═════ DATASET EXTRACT
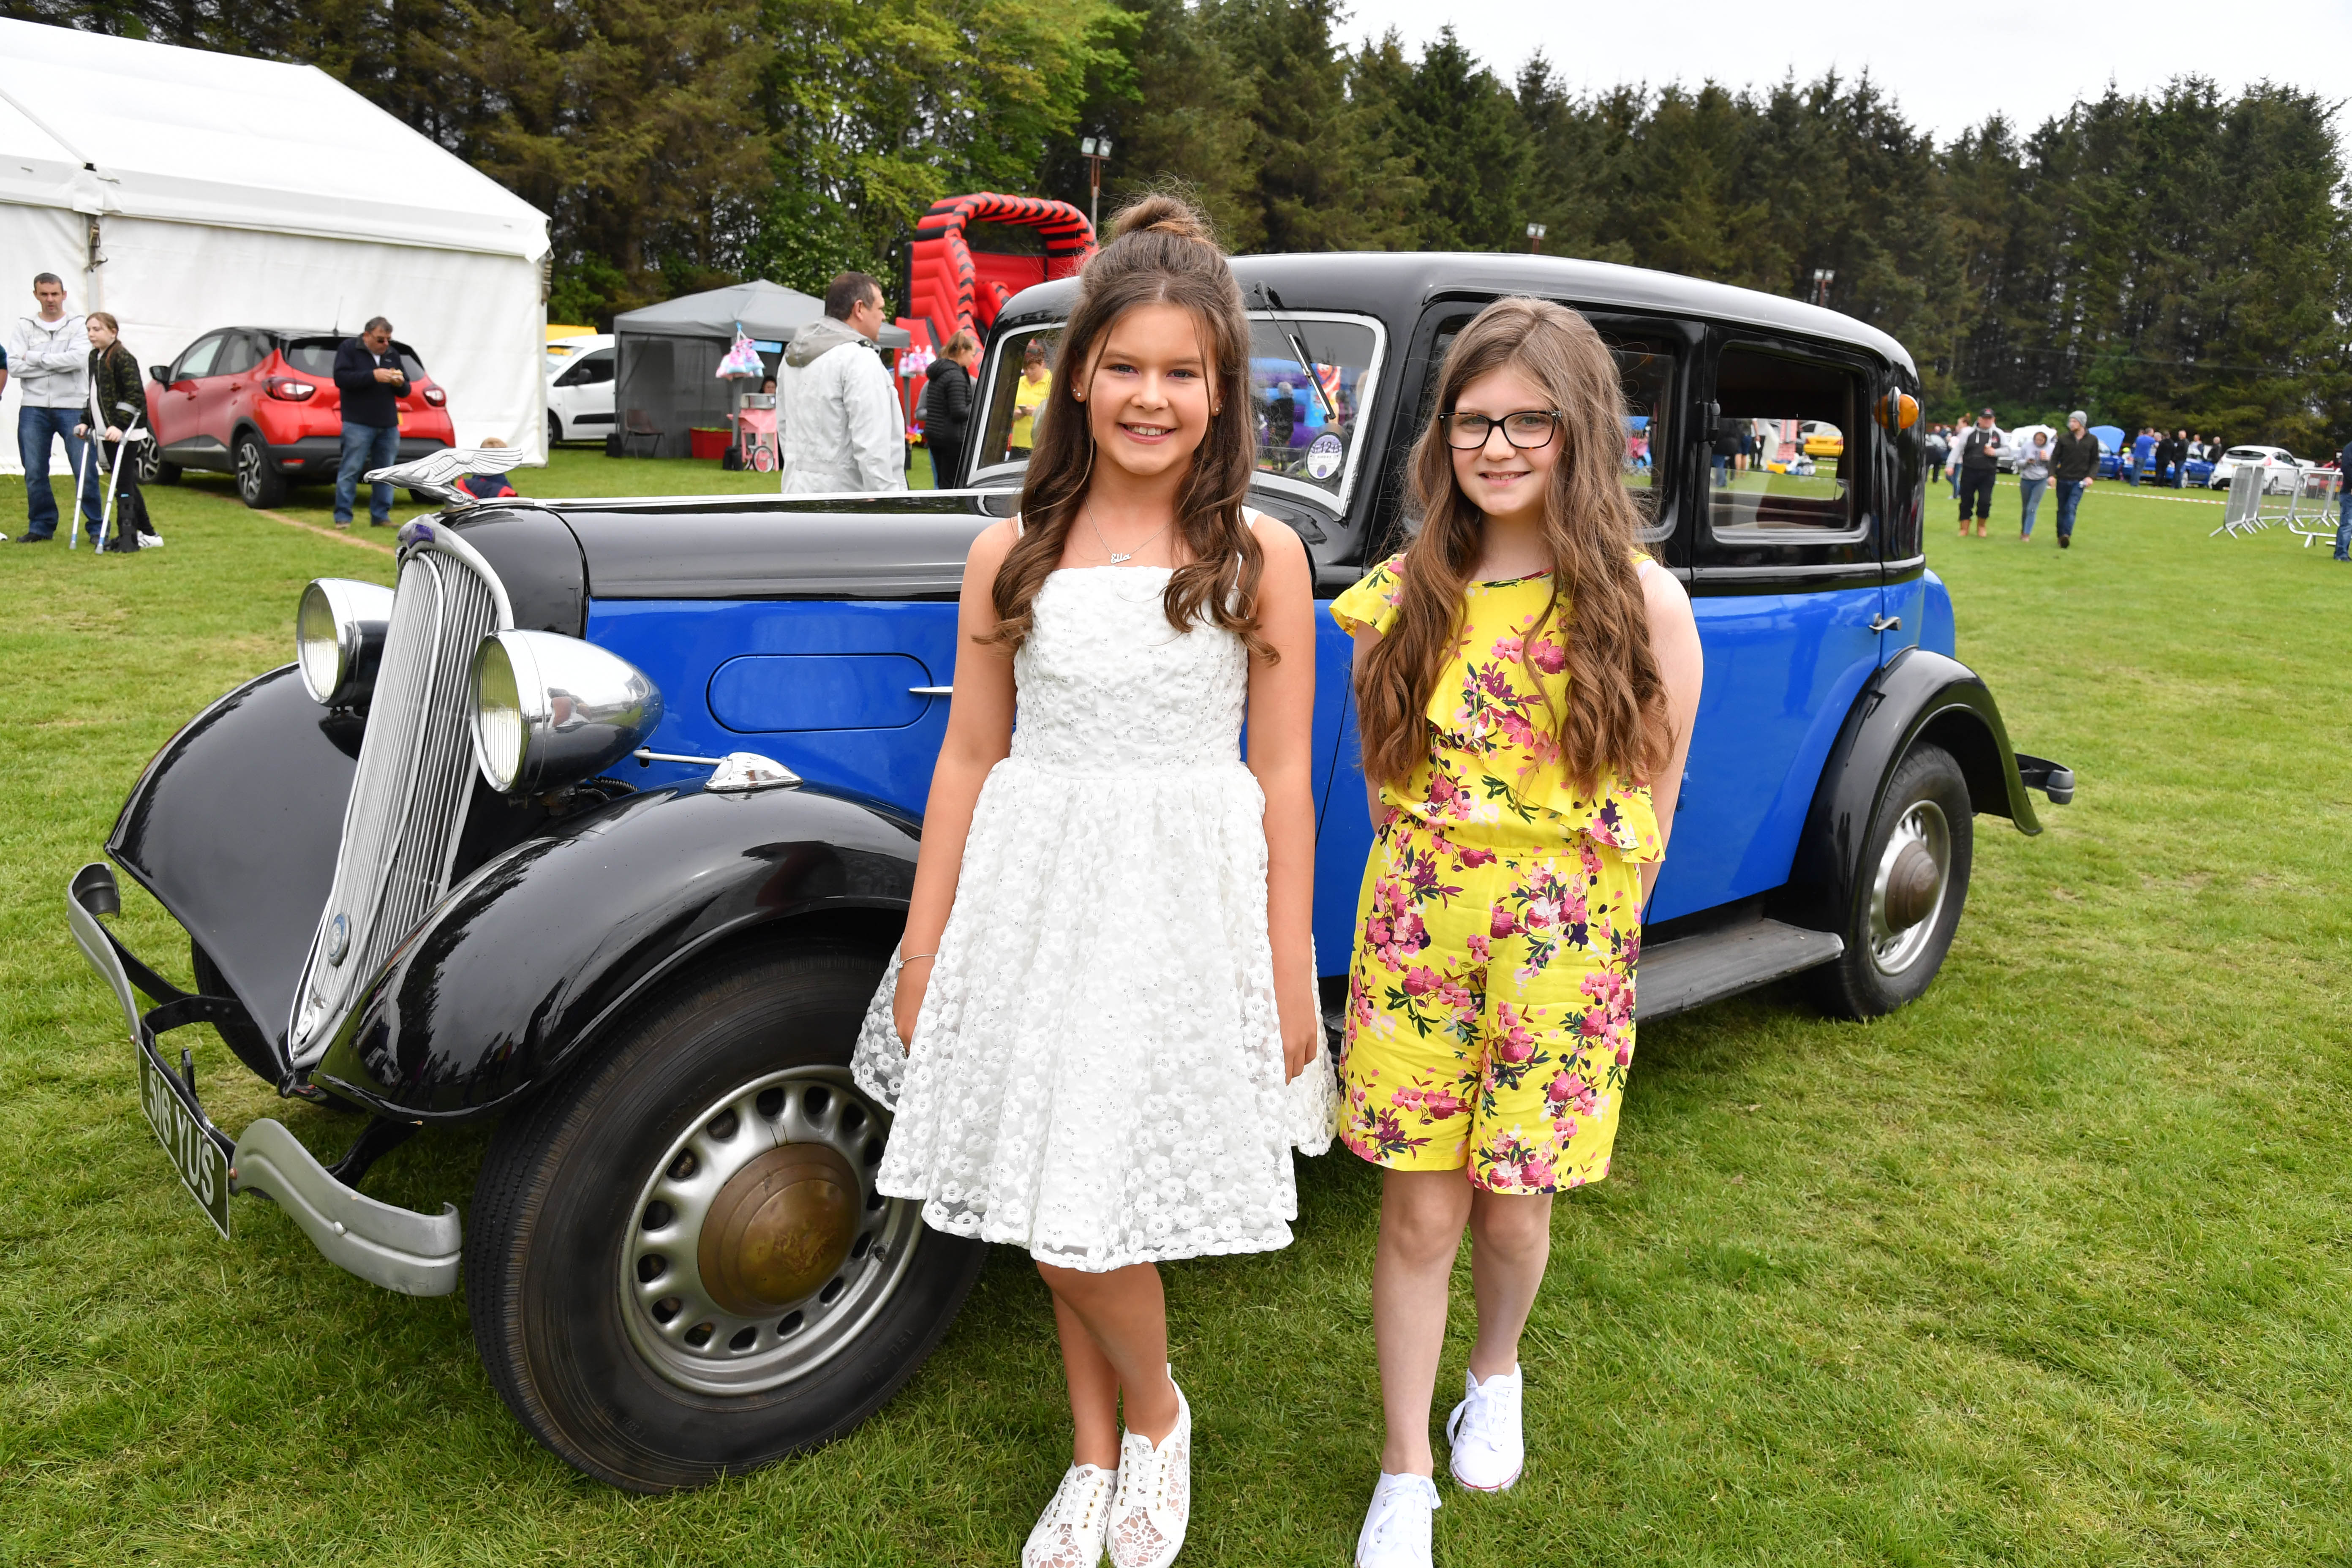 Gala princesses Ella Penny (left) and Alyssa Lamarsh at the gala
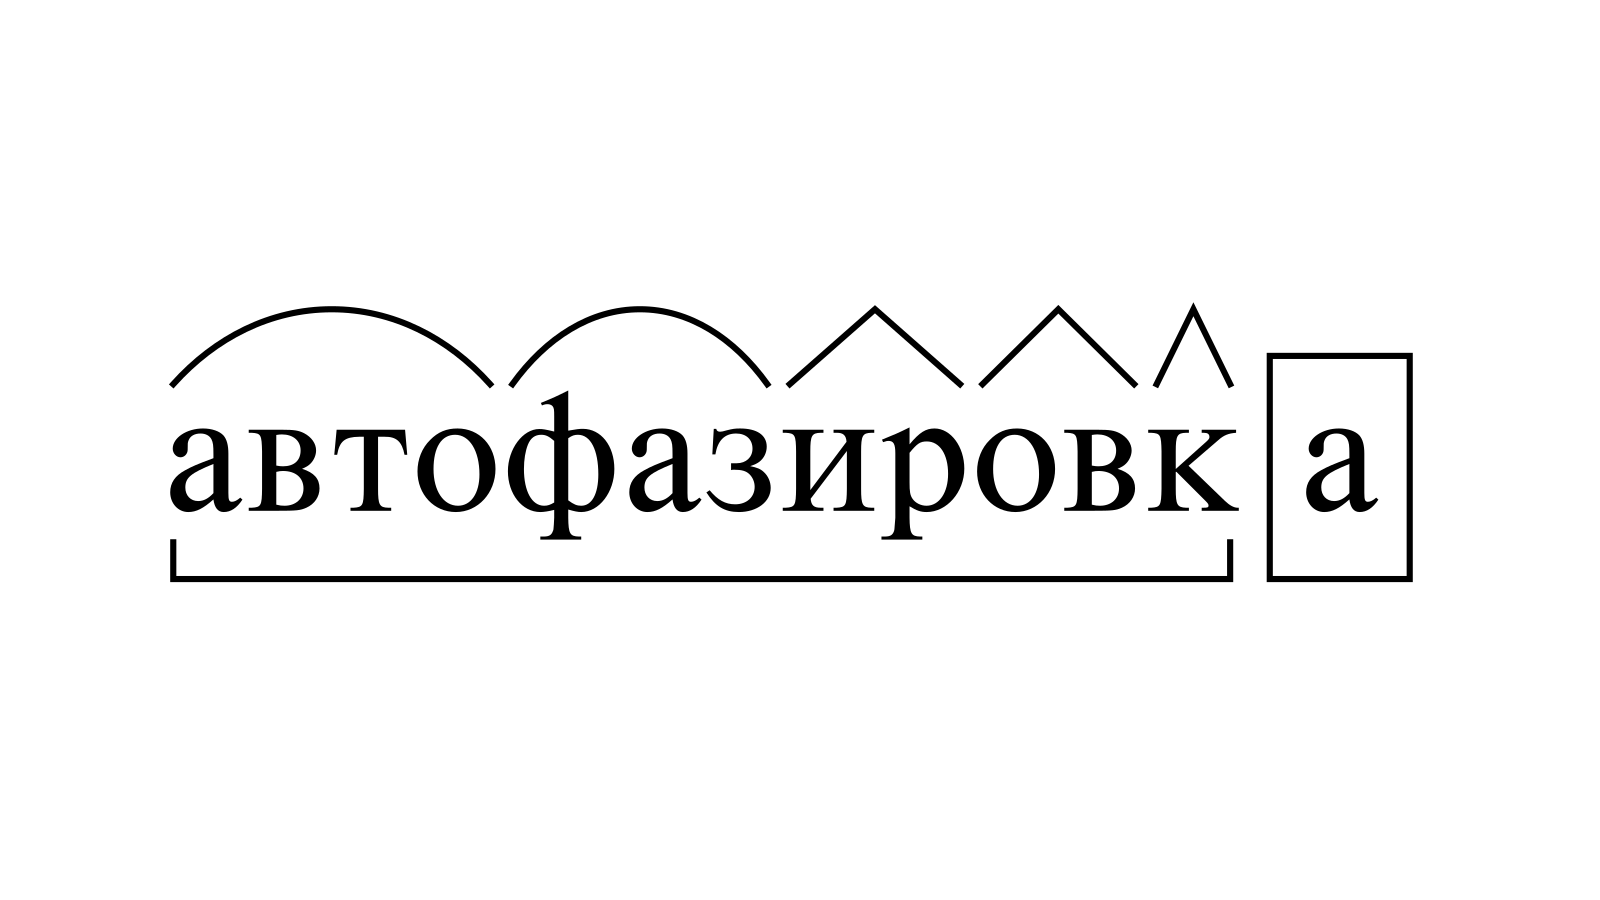 Разбор слова «автофазировка» по составу
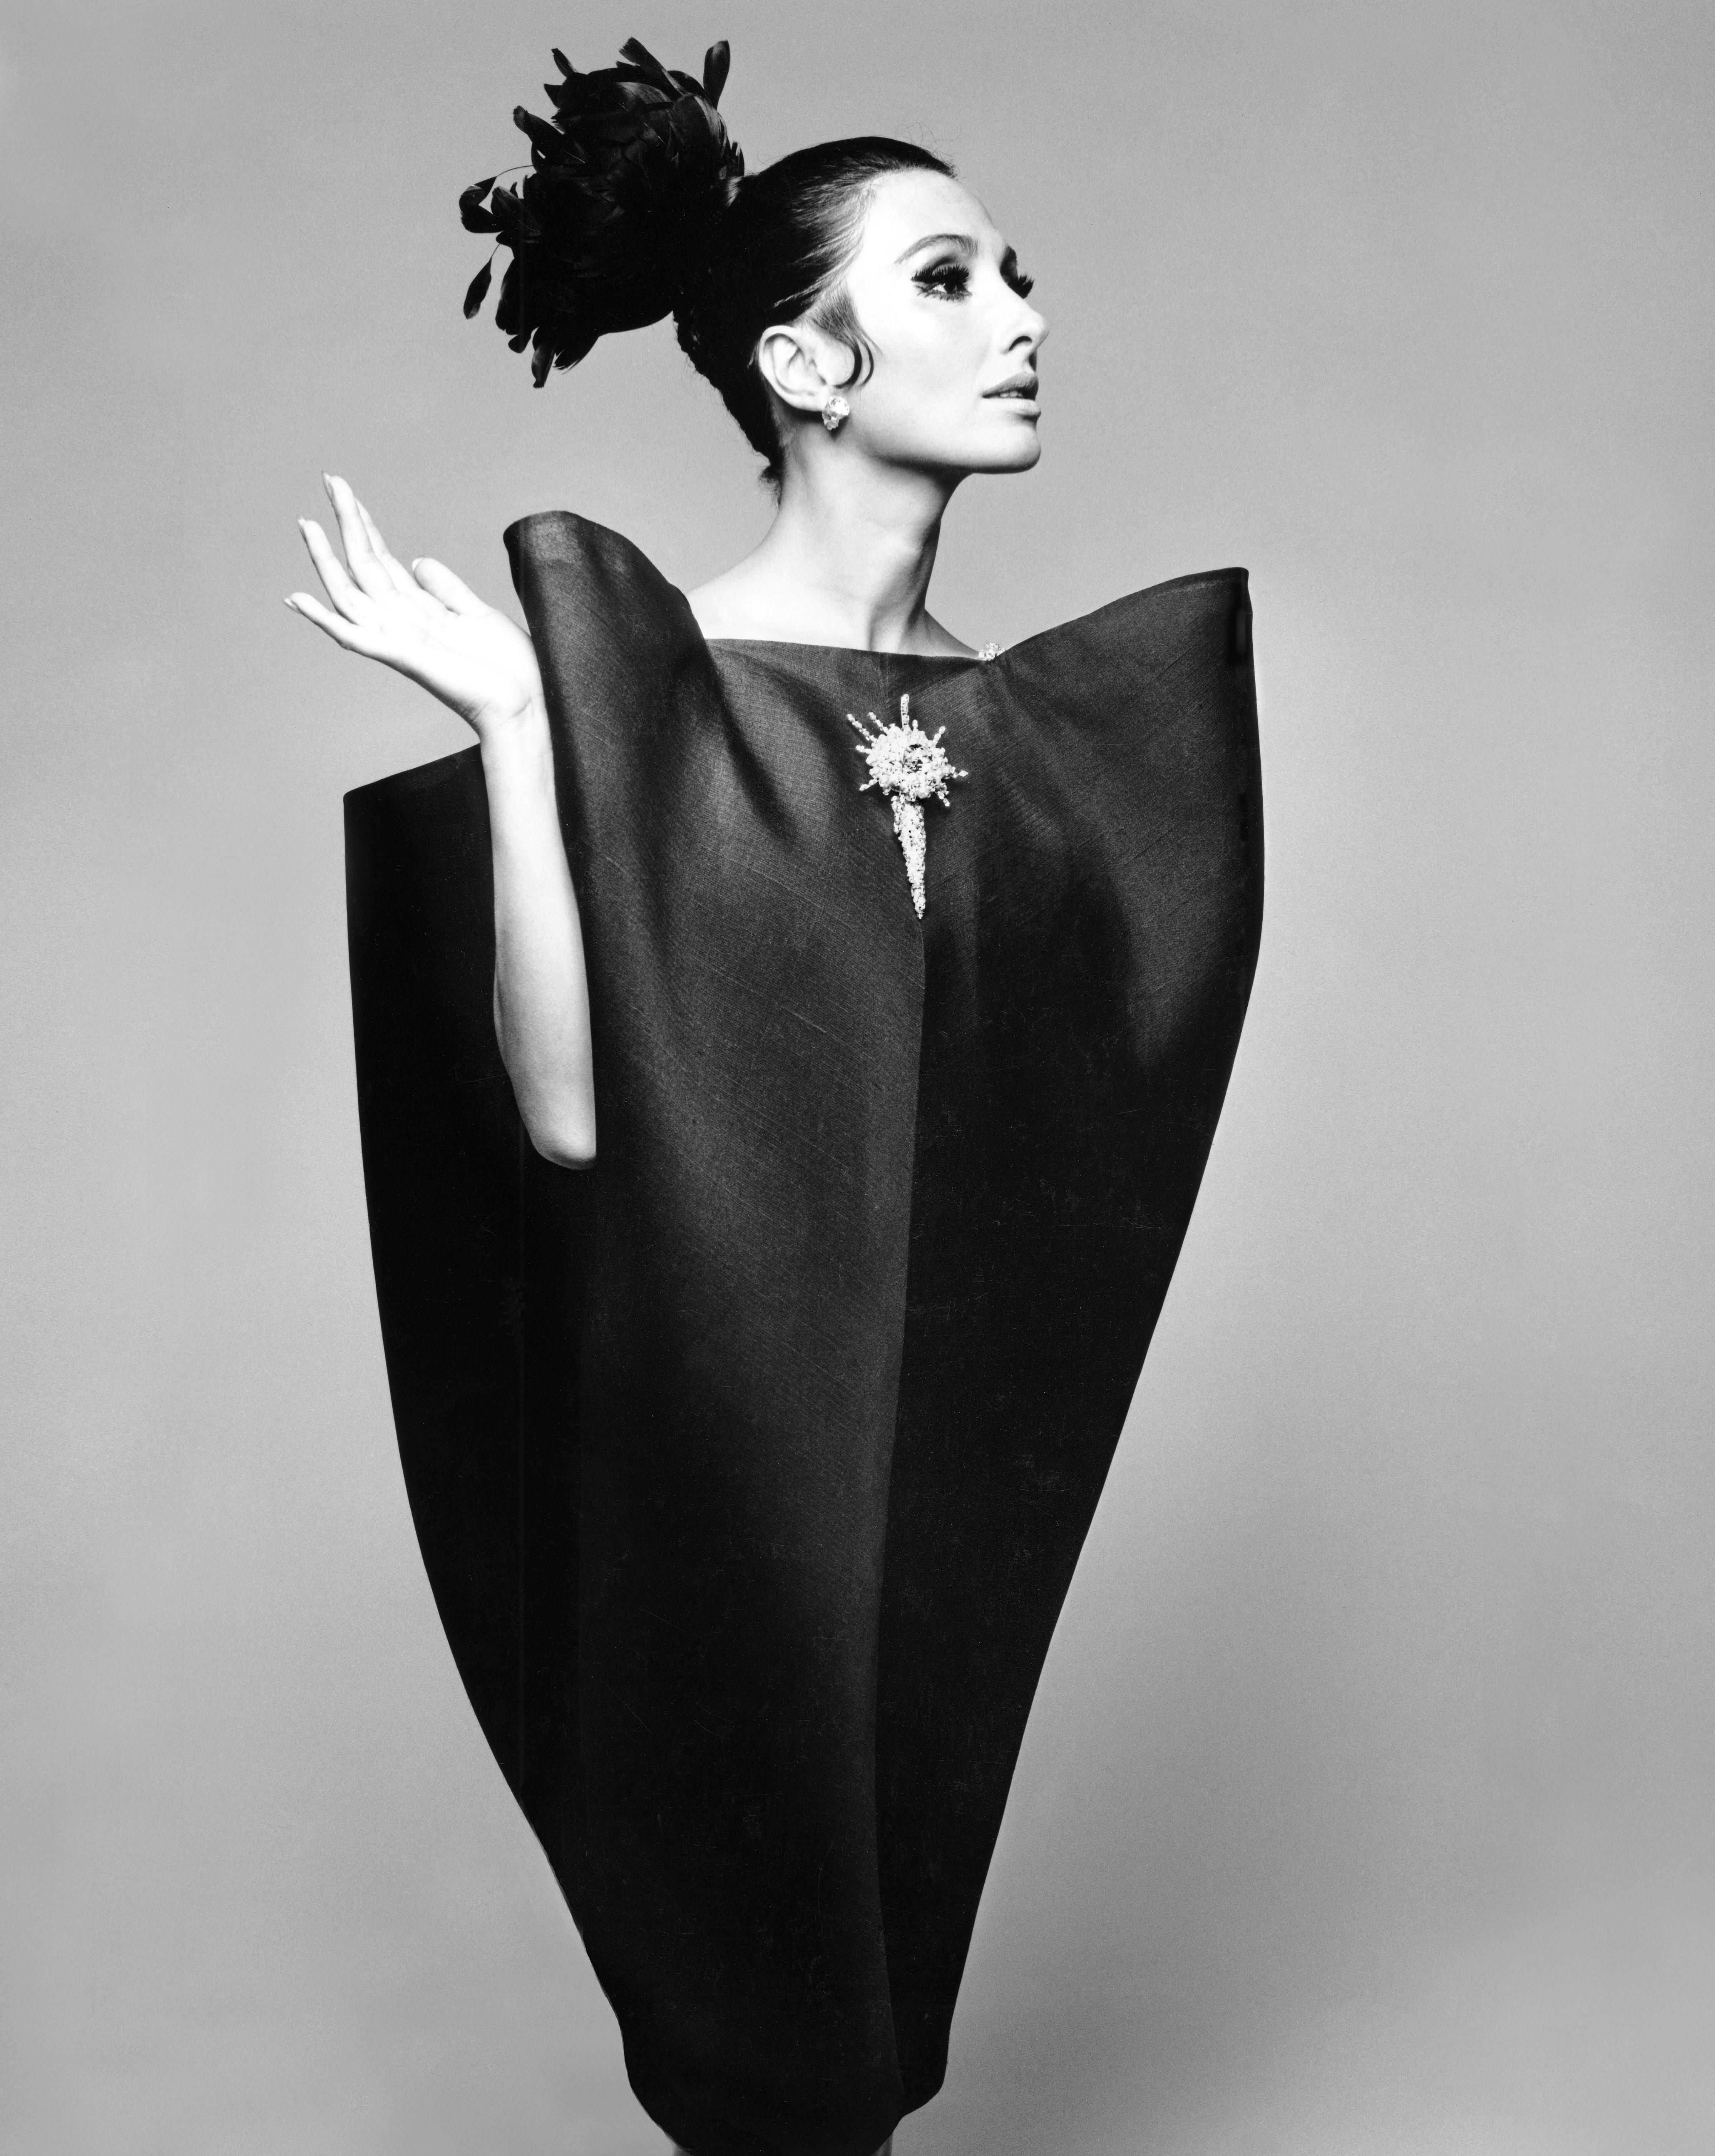 Balenciaga: Shaping Fashion, V&A Museum, London 1
══════════
WHAT YOU NEED TO DO
Copy the listing above exactly, minus the pictures.

EXERCISE OUTPUT
 Gala princesses Ella Penny (left) and Alyssa Lamarsh at the gala
 Разбор слова «автофазировка» по составу
 Balenciaga: Shaping Fashion, V&A Museum, London 1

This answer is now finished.